Coordinate V1 production cutover and human-gate closeout #71

Description

@alexeygrigorev

Coordinate V1 production cutover and human-gate closeout

Status: blocked
Tags: enhancement, portal, work-engine, assistant, podcast, migration, infra, data, testing, human, P0
Depends on: #7, #30, #41
Blocks: final V1 production launch acceptance

Scope

Coordinate the final DataOps V1 production cutover so launch readiness is proven in one place instead of scattered across implementation and human-gated issues.

This is a launch/readiness checklist, not a feature implementation issue. Agent-verifiable V1 launch-candidate work is complete for current main commit b5ab507: the app is deployed through GitHub Actions OIDC, seeded with users/templates/recurring work, shows actionable daily work in Operations Home, links seeded work to process docs, hydrates contextual docs images, and has current export/restore evidence.

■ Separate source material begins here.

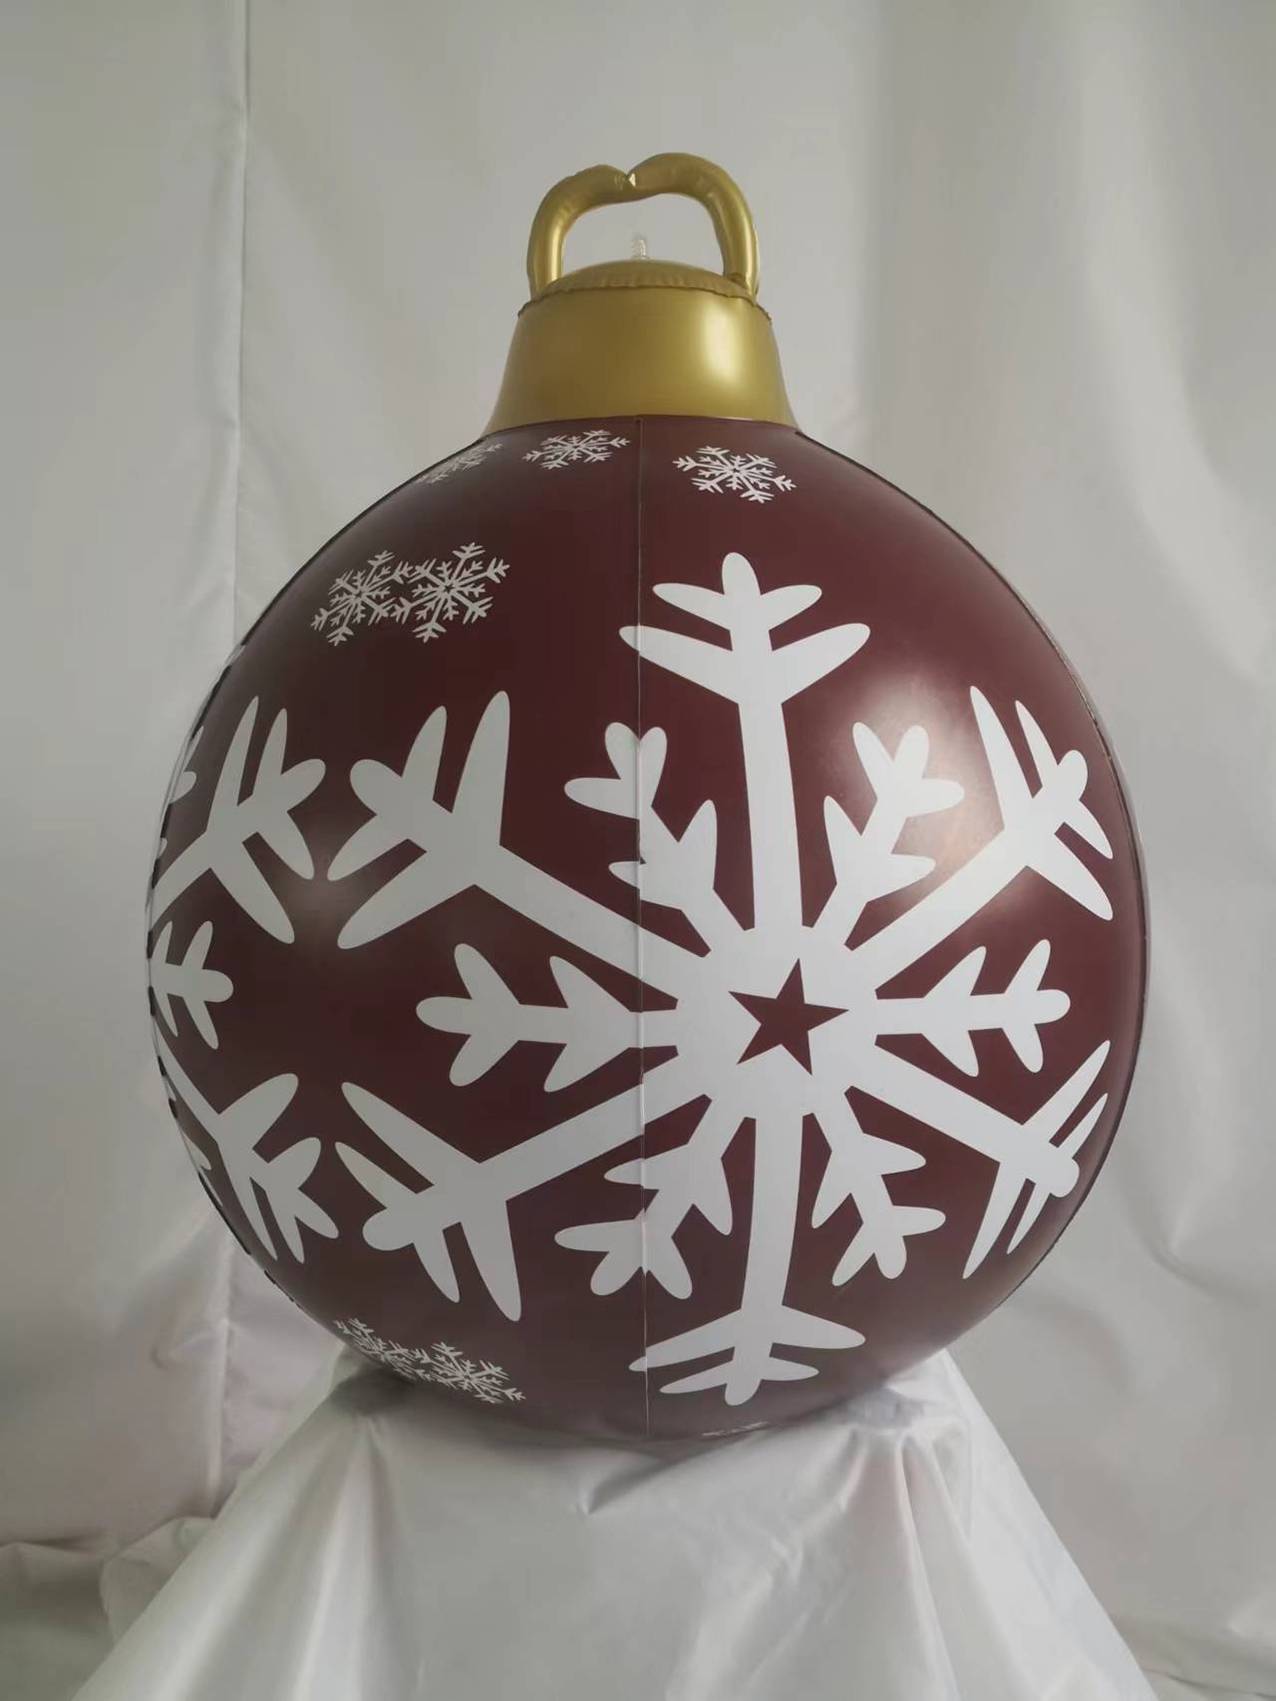 Customised Light Up Inflatable Christmas Yard Decorated Decorations Ball

The issue remains open because final production acceptance still needs real external-system and operator checks that an agent cannot safely perform without human credentials/authority: Telegram/Podcast Assistant smoke, real assistant execution decision, Trello export/import approval, and final operator acceptance.

Use these issues and comments as source of truth:

The cutover target is the deployed V1 app at ops.dtcdev.click or the current DataOps Lambda Function URL if the custom domain is not available. The operator should be able to log in, see what needs action today, open workflows/tasks, act on due/overdue/waiting/follow-up work, complete tasks with proof, use SOP/process context, and trust that export/restore evidence exists before valuable production data is imported.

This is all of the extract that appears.